Is there a plan to release finetune model code #8

Open kigy1 opened 4 months ago

kigy1 commented 4 months ago

Is there a plan to release finetune code for model

zcdliuwei commented 4 months ago

+1

maybleMyers commented 4 months ago

I think so. But they are probably going to do LORA first according to the readme.

dcfucheng commented 4 months ago

Is there a plan to release finetune code for model

Maybe you can refer to the finetune code of SDXL lora and full.

The main difference: Change the text_encoder from two CLIP to GLM.

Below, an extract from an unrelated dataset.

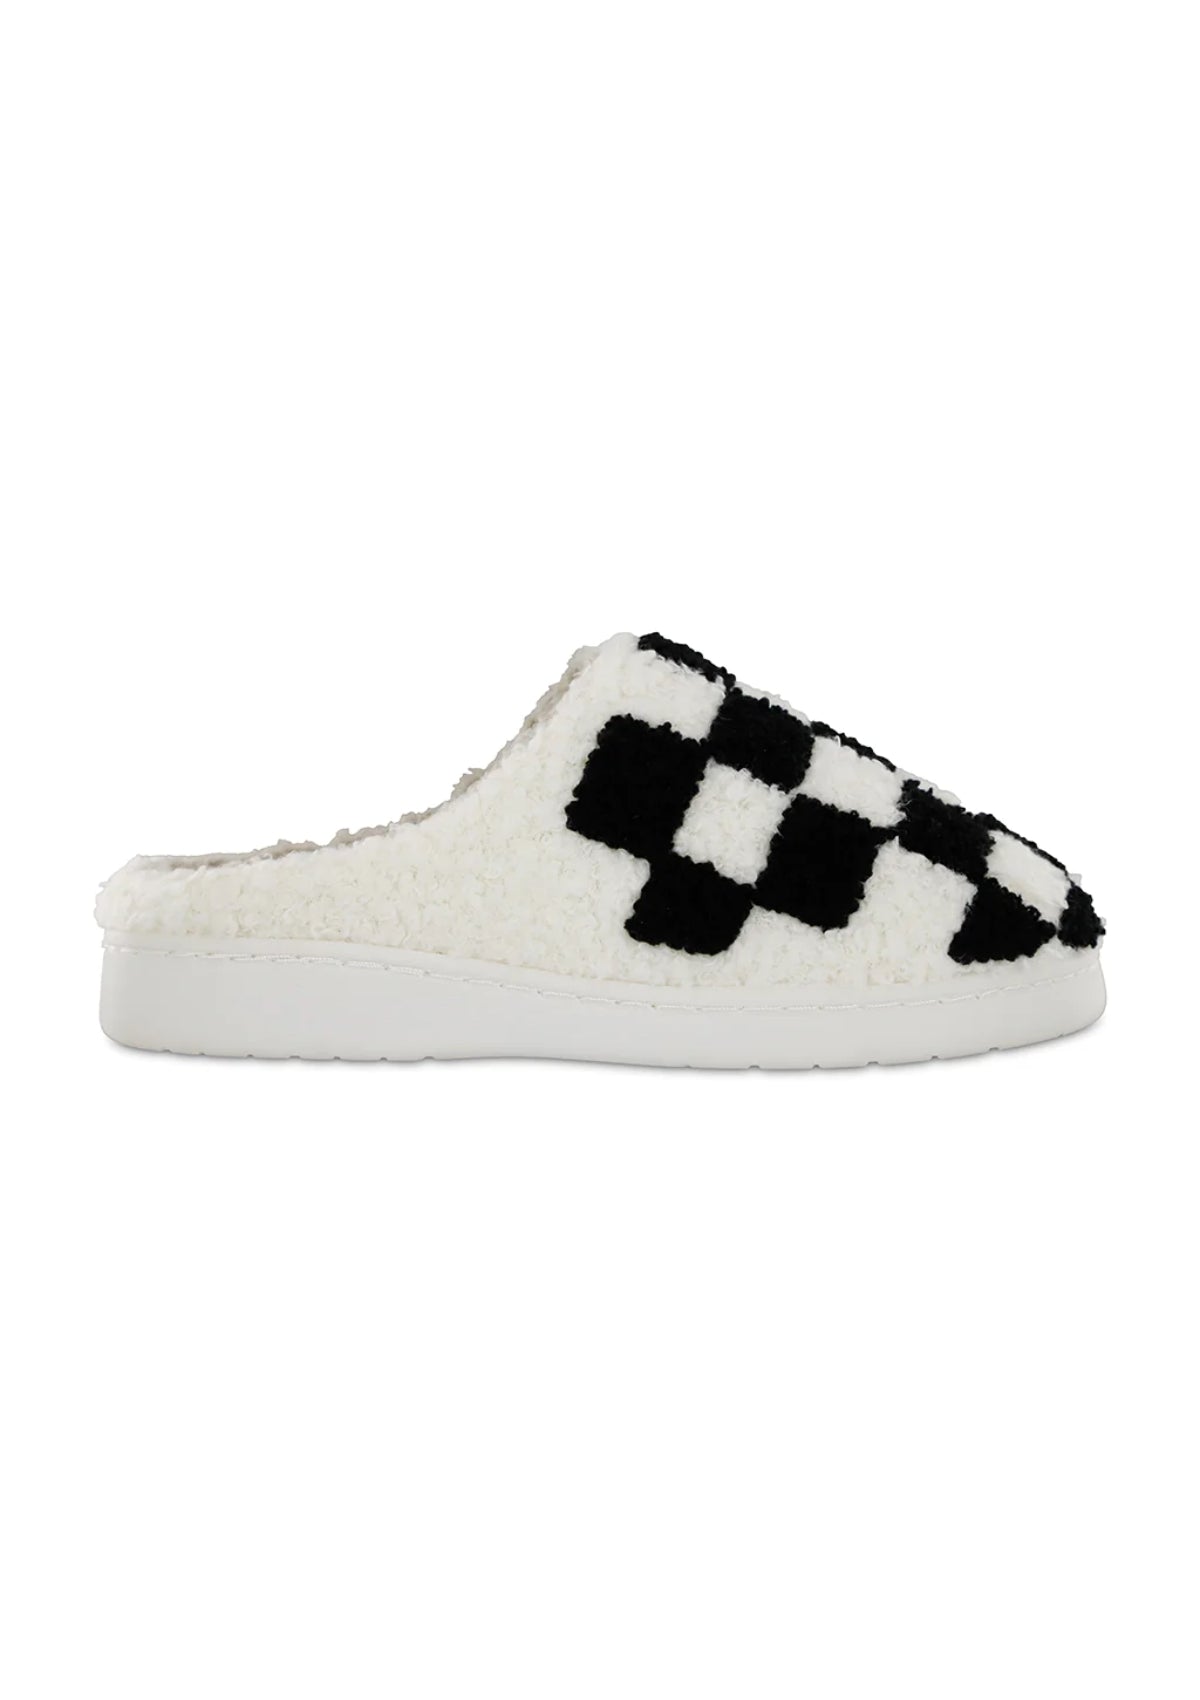 Cozi Checker Slipper, Black and White Checker

The pseudo-code is as follows:

# load text encoder
tokenizer = ChatGLMTokenizer.from_pretrained(
        args.text_encoder_id,
        revision=args.revision,
        trust_remote_code=True)
text_encoder = ChatGLMModel.from_pretrained(
    args.text_encoder_id,
    trust_remote_code=True)

# inputs 
image, text_ids = batch['pixel_values'], batch['input_ids']

# text_encoder 
output = text_encoder(
    input_ids=text_ids,
    attention_mask=attention_mask,
    position_ids=position_ids,
    output_hidden_states=True)

# glm output
prompt_embeds = output.hidden_states[-2].permute(1, 0, 2).clone()
text_proj = output.hidden_states[-1][-1, :, :].clone() 

# get latents
latents = vae.encode(image.to(torch.float32)).latent_dist.sample()
latents = latents.to(dtype=(weight_dtype))
latents = latents * vae.config.scaling_factor

add_time_ids = batch['add_time_ids'].to(latents.device)
encoded_text = {"text_embeds": text_proj, "time_ids": add_time_ids}

# get noise
noise_pred = unet(
    noisy_model_input,
    start_timesteps,
    timestep_cond=None,
    encoder_hidden_states=prompt_embeds,
    added_cond_kwargs=encoded_text,
).sample

Then, the training phase is similar to SDXL training.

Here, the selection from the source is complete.